Court Opinion

ID: 8200890
Source: CourtListenerOpinion
Date Created: 2022-09-09 23:28:57.893014+00
Date Added: 2024-06-11T16:40:55.004583
License: Public Domain

Per Curiam
(on motion for rehearing). The day prior to the handing down of our original opinion herein, the United States supreme court decided Local 174, Teamsters, Chauffeurs, Warehousemen & Helpers v. Lucas Flour Co. (1962), 369 U. S. 95, 82 Sup. Ct. 571, 7 L. Ed. (2d) 593. This case involved an action in a state court in Washington to recover damages against a union for a strike which, it was alleged, breached a collective-bargaining contract. The court affirmed the judgment below in favor of the employer.
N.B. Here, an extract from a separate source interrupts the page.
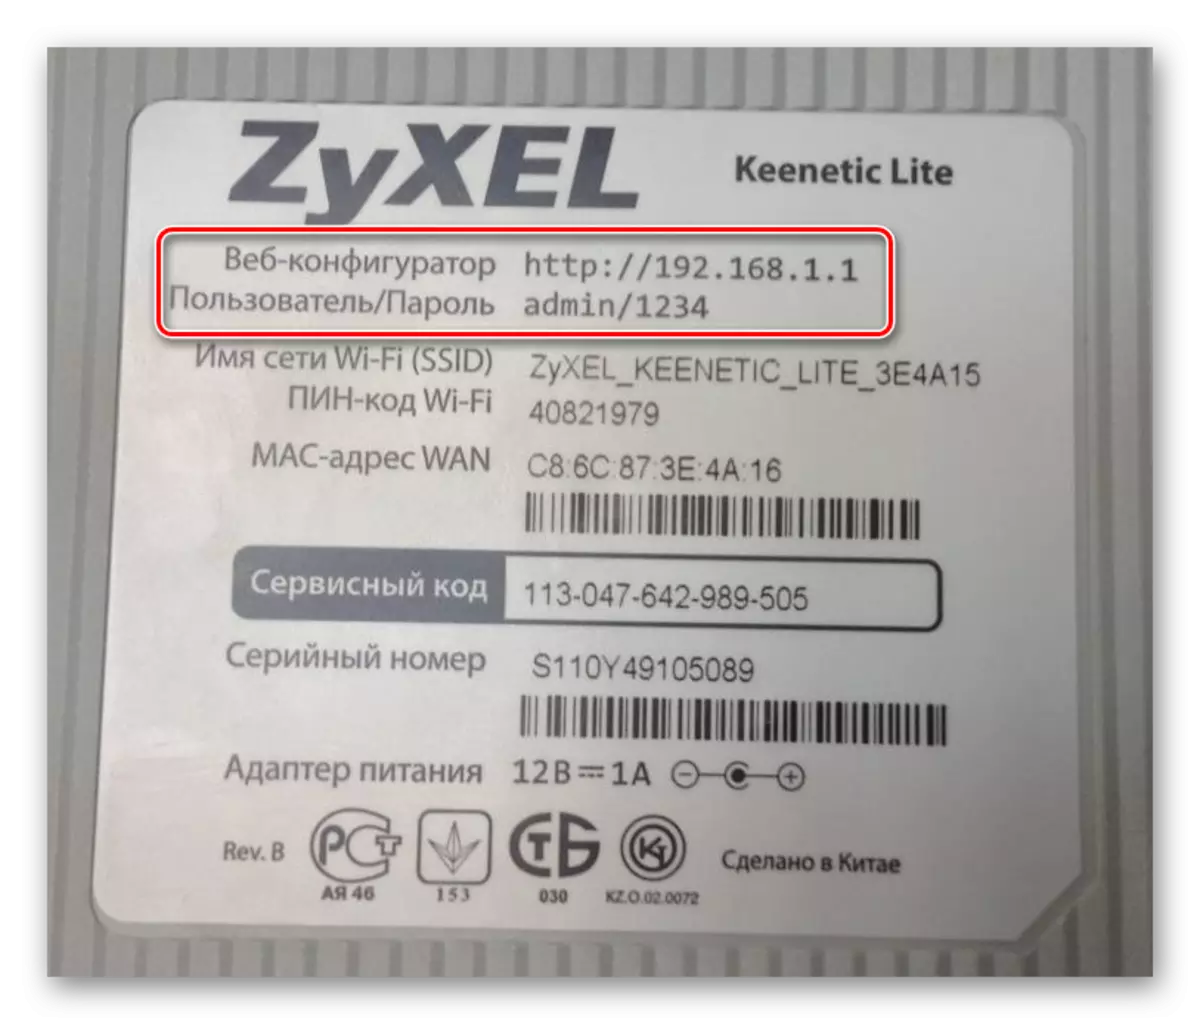 Aufkleber mit grundlegenden Parametern Zyxel Keepetic Lite

The collective-bargaining contract contained no express clause prohibiting strikes or lockouts, but the dispute which *110bled to the strike was one which the contract required to be submitted to final and binding arbitration. The court held that there was an implied covenant in the contract which prohibited a strike under such circumstances. However, the significant portion of the opinion, in so far as the instant case is concerned, is contained in this sentence (369 U. S. p. 106):
“What has been said is not to suggest that a no-strike agreement is to be implied beyond the area which it has been agreed will be exclusively covered by compulsory terminal arbitration.”
We expressly pointed out in our original opinion herein that the union’s demands upon the employers for changes in the contracts were not subject to the arbitration clause of the contracts. The commission’s brief on rehearing presents no new arguments which cause us to doubt the soundness of any of the points decided in our original opinion. The only ground upon which the commission determined that the lockout was not precipitated by a bona fide labor dispute was that it was held to violate an implied no-strike, no-lockout clause of the collective-bargaining contracts. However, we deem it advisable to point out that there may be situations in which a lockout would not qualify as a bona fide labor dispute, even though it did not constitute a breach of contract on the part of the employer.
The motion for rehearing is denied without costs.